Wellsville Entrepreneur Opens Elite Mobile Hair Salon

WELLSVILLE, Ohio — While the COVID pandemic caused many employees to work from home, it prompted local hair stylist Crystal Williams to take her job on the road.

After graduating from the Raphael School of Beauty Culture Inc. in Boardman, Williams had worked the past 10 years at salons in East Liverpool and Weirton when the pandemic hit.

“I was working in Weirton and everything stopped. I was out of a job, trying to figure out what to do because I knew work would be limited,” Williams said.

She decided to let regular customers know she was available to come into their homes to perform their hair care needs, and she discovered they were comfortable having her there. “People were scared to go back (to salons) and about wearing masks, and it just blossomed from there,” Williams said.

Crystal Williams works on Ashley Wain’s hair in her Elite Studio Mobile Hair Salon.

She got the idea to expand her in-home service to an actual mobile service complete with a beauty station on wheels. After a Google search for “mobile salon,” she learned they were popular in larger cities, as well as in California and the South, she said.

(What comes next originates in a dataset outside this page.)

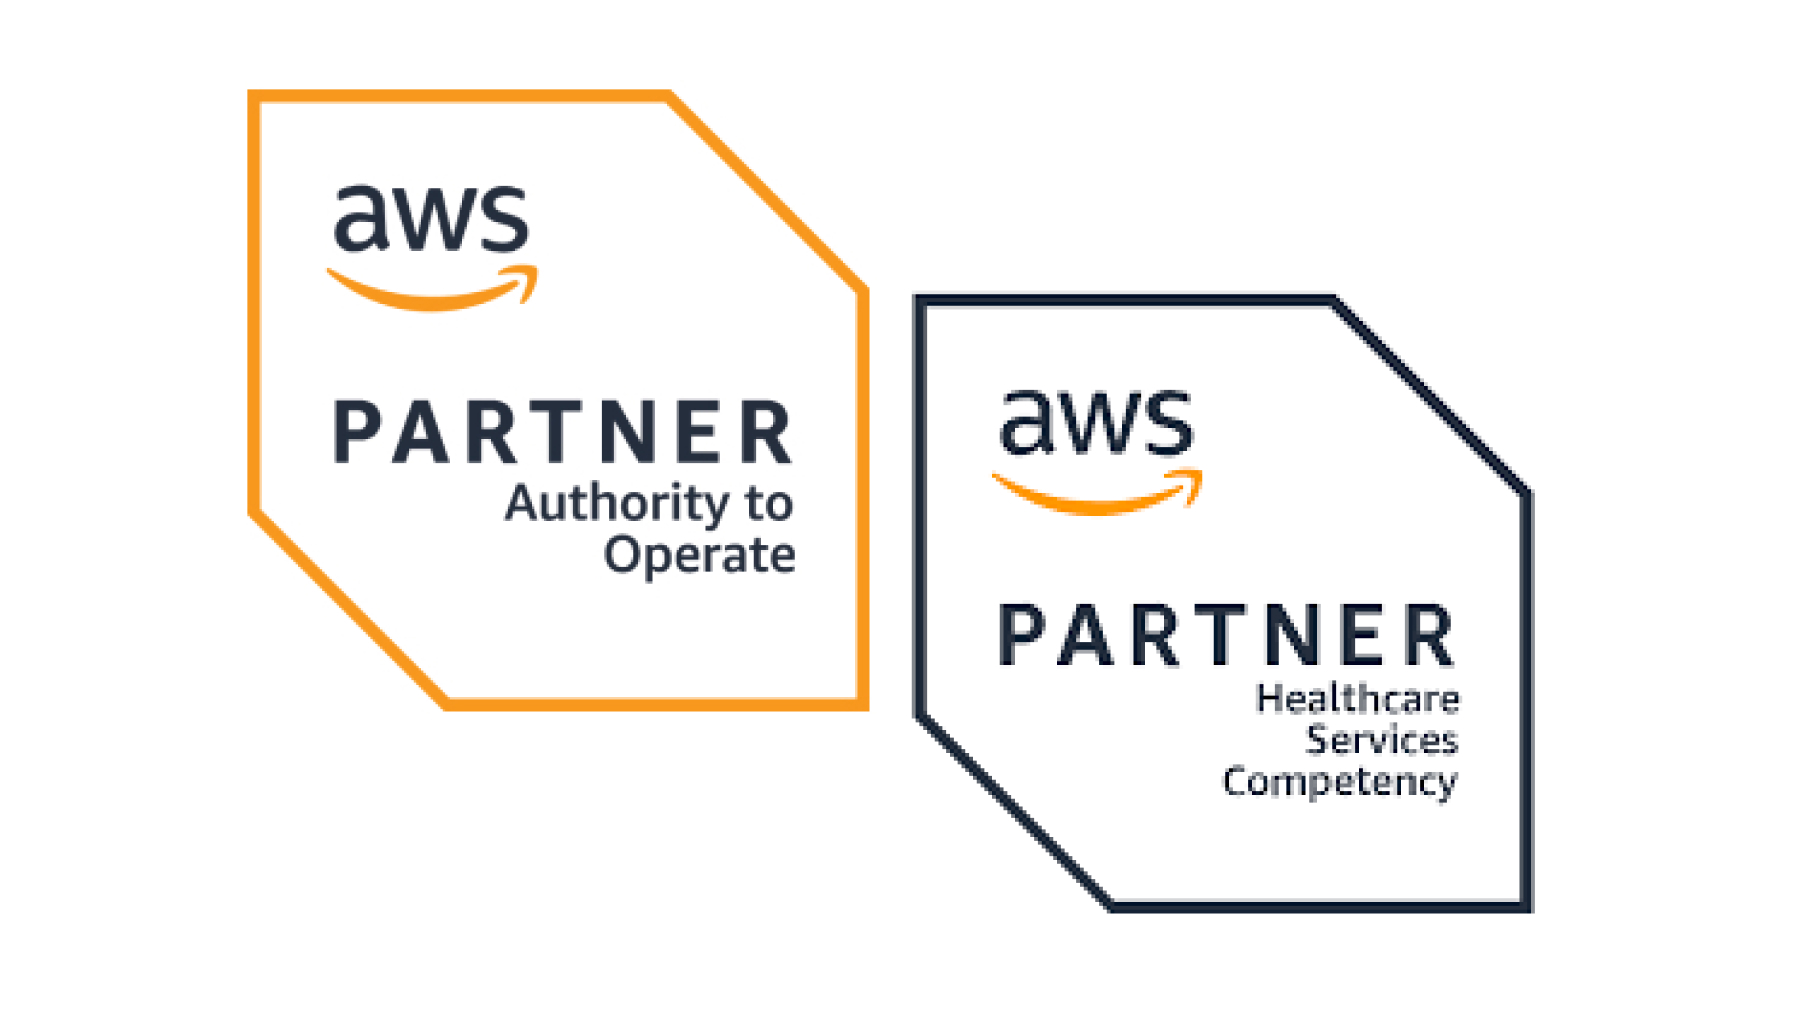 Amazon Web Services authority to Operate and Healthcare Services Competancy

“I decided I needed to get a mobile home, and to make sure I could drive it,” she laughed. “The more I talked to people about a mobile home, the more they said, ‘Oh my gosh, you’ve got to do this.'”

That’s when the idea for Elite Studio Mobile Hair Salon was born.

One of those who favored the idea and tried to help obtain funding to make it happen was Penny Traina, executive director of the Columbiana County Port Authority. Williams said Traina went out of her way trying to locate grant funding or loans that could be used to help purchase the RV and equipment, saying,

“She looked and looked and looked; she was trying her hardest, even trying to find money for a woman-owned business,” Williams said.

However, she didn’t qualify for any of the funding sources. So she went it alone, buying her unit and equipment and then tackling what turned out to be the hardest step: obtaining insurance.

“Finding insurance was hard, because of bringing customers in and out. No one in Ohio was willing to help me,” she said. “I made phone calls and phone calls. It was getting frustrating and I was thinking this wasn’t going to happen.”

After locating a willing insurance company, Williams’ next step was actually finding an affordable recreational vehicle and remodeling it to suit her business needs.

For this, she credits her brother, Bryan Baublitz and his wife, Jackie, who did the demolition and construction on the 26-foot-long 2013 Ford Fleetwood Tioga Montara, transforming it from a motorhome into a beauty salon. Complete with a stylist’s chair and requisite mirror, the salon is also equipped with its own sink and shampoo chair, restroom, hot water supply and generator for electric, although customers can allow hookup to their home electrical service.

It is decorated in the popular farmhouse style with white shiplap, barn doors and some southwestern touches in the throw pillows and rugs.

The remodeled motor home includes shampoo chair and other equipment.

In addition to her brother and sister-in-law, Williams credited her husband Ryan for the support he has given her throughout the journey to bring this project to fruition.

Now, about two years later, Elite Studio Mobile Hair Salon is on the road, offering the same services customers receive in customary salons, everything from hair cuts and color to waxing. And business has been “going crazy,” Williams said.

Along with the regular customers she has had for quite some time, Williams said many new ones are showing interest, noting she gained seven new clients in the past two weeks alone.

Her slogan, “Don’t feel like heading to the salon? Let the salon come to you,” seems to be the reason, she said.

“Two years later, people still don’t feel like going to the salon, especially with gas prices the way they are,” she said. “People say, ‘I’ve never heard of that. That’s pretty cool.’ It’s really piqued their interest because there’s never been anything like this around here.”

As soon as she posted a photo and information about the service on social media, it was “blowing up” with interested comments, she said.

She laughed about a customer who was on the phone with her brother while in the mobile salon and, a short time later, they heard a knock on the door, opening it to find the man asking if he could come in and see it.

Some might expect the prices at a come-to-you salon to be exorbitant, but Williams said, “I’ve tried to keep my prices reasonable, maybe actually on the lower side. I’ve always tried to be fair in my prices.”

Although adding a second chair and stylist is not feasible when traveling from house to house, Williams said the uptick in interest has her wondering if a franchise could work, adding other motor homes and stylists to her business.

“Providing they can drive a motor home,” she said. “I had never owned one and now I can back it into somebody’s driveway.”

Elite Studio Mobile Hair Salon has no set hours at this time. Williams books appointments Monday through Friday with some on Saturday.

She can be contacted on her Facebook page of the same name or at 330 708 3357, although that number is slated to change in the next two weeks to a new number which will be listed on the Facebook page.

Pictured at top: A 26-foot-long 2013 Ford motorhome serves as the Elite Studio Mobile Hair Salon owned by stylist Crystal Williams.